Stupid work: on the one hand, I got both monitors working at home again. On the other hand, the mouse died (Hope said hers keeps giving her low battery messages too, but still works) and Adobe Acrobat now refuses to work. At least that

Yesterday's dude who kept hitting me up for EMERGENCY RIGHT AWAY?!? I seriously considered staying at work late JUST FOR HIM to pay his money. I pre-created the spreadsheet, I had it uploaded, all I had to do was hit the send button. But I do not give extra to this job, and I left at 5 on the dot, and he hadn't done it yet...and still hasn't done it as of this morning. So much for your fucking emergency, apparently?

And yet another one instead paid emergency money today, which I can't verify because Adobe Acrobat won't work. Hope asked if I was having a better morning and I was all NOPE.

Later: well, Adobe got fixed at least, as did the keyboard keys issue. So there's that.

In addition to it having been 20 years since I met my last ex, in a few days it's been 20 years since I started working at Giant Org. It was a memorable few days at the beginning of February 2002. I got a new boyfriend and a new job at once. There's a streak of luck I'll never have again, clearly. Ten years of the job being fine and ten years of it being hell. Only....22 more to go doing same. Basically I'm moping over being a complete loser for an extremely long time, here.
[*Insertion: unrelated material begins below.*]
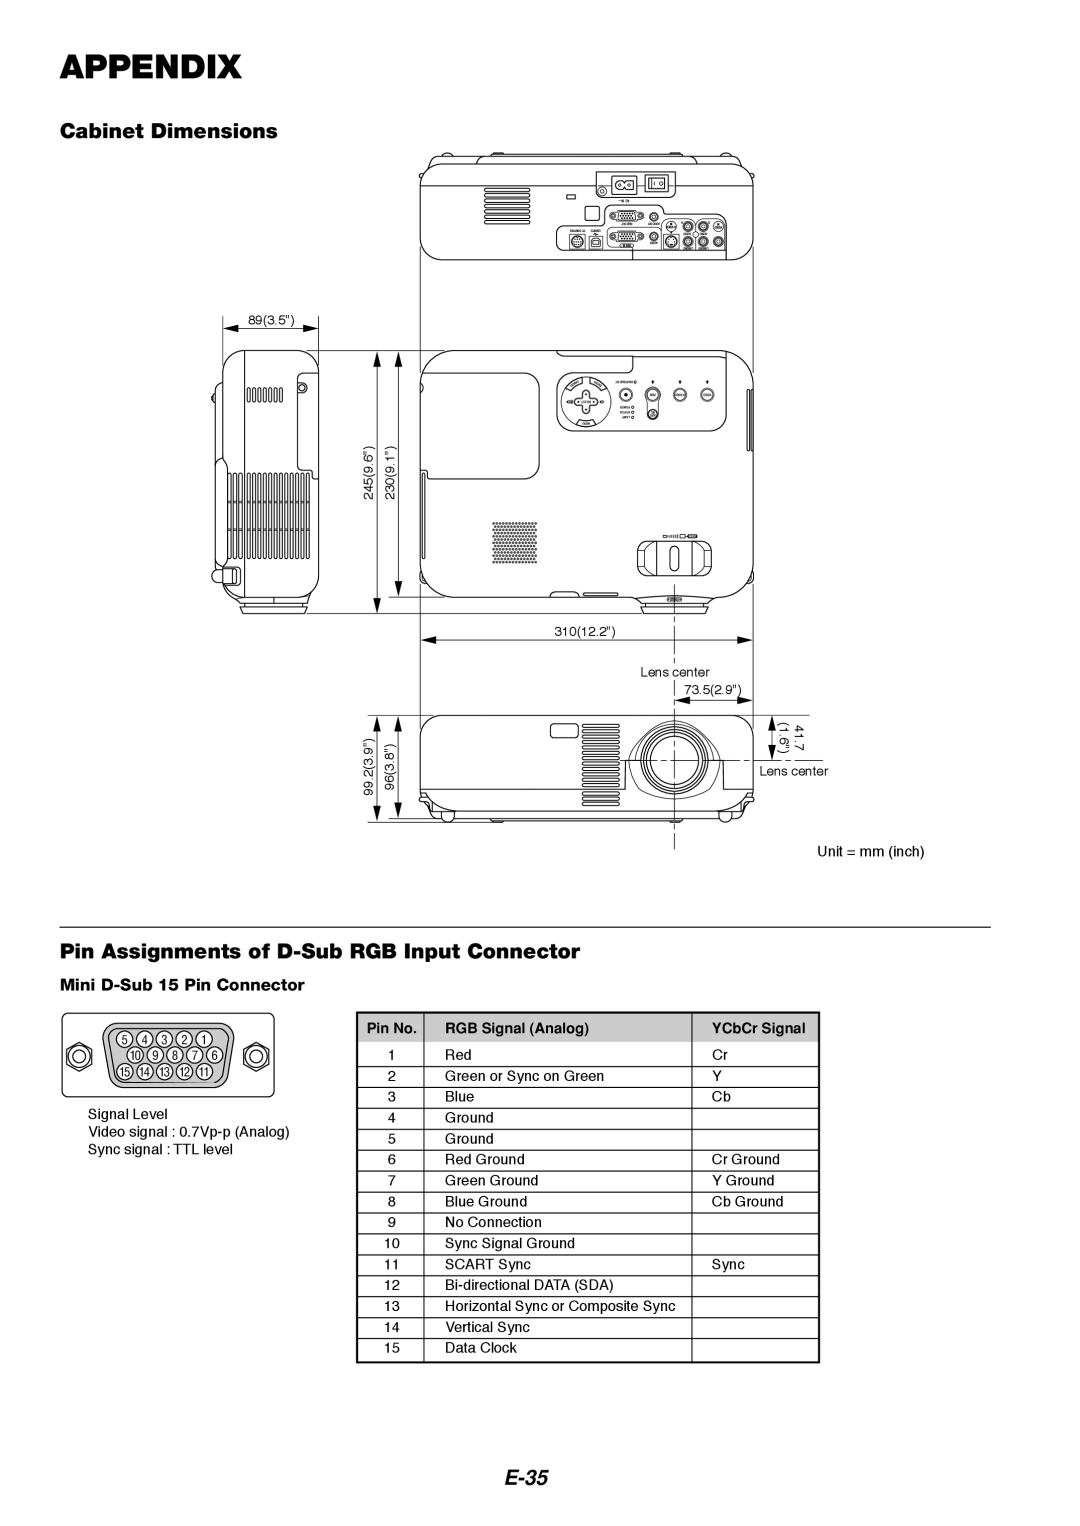 Dukane 8766 Appendix, Cabinet Dimensions, Pin Assignments of D-Sub RGB Input Connector, E-35, Mini D-Sub 15 Pin Connector

Heard from my online pen pal who was all "It's great you're gonna take a break from a theater who doesn't appreciate you!" and "ex-crush doesn't deserve you" and all that stuff, and I get where she comes from, but uh...I don't plan on taking a break because I really want to, and well, I have different/biased/wrong opinions on the whole thing. Sigh.


Rehearsal: we got out early, thank god. I'm pretty sick of it all right now. I got told people were offended by my quotes list and suffice it to say that ruined the rest of the night and I am on the mental suck train that I spend all my workdays on anyway. I deleted it.

We did "Look At The Sky," which is like, fine, but in this show it's boring, you know? No snark to it. Whatever.

I am depressed and going to drink now.

Seriously, someday I'm going to disappear and very few people are going to fucking notice that I did that.

I will say this: I got home, I started drinking, and then Dawn got a new phone and buttdialed me and we ended up having a fun conversation about things and that cheered me up. So there's that!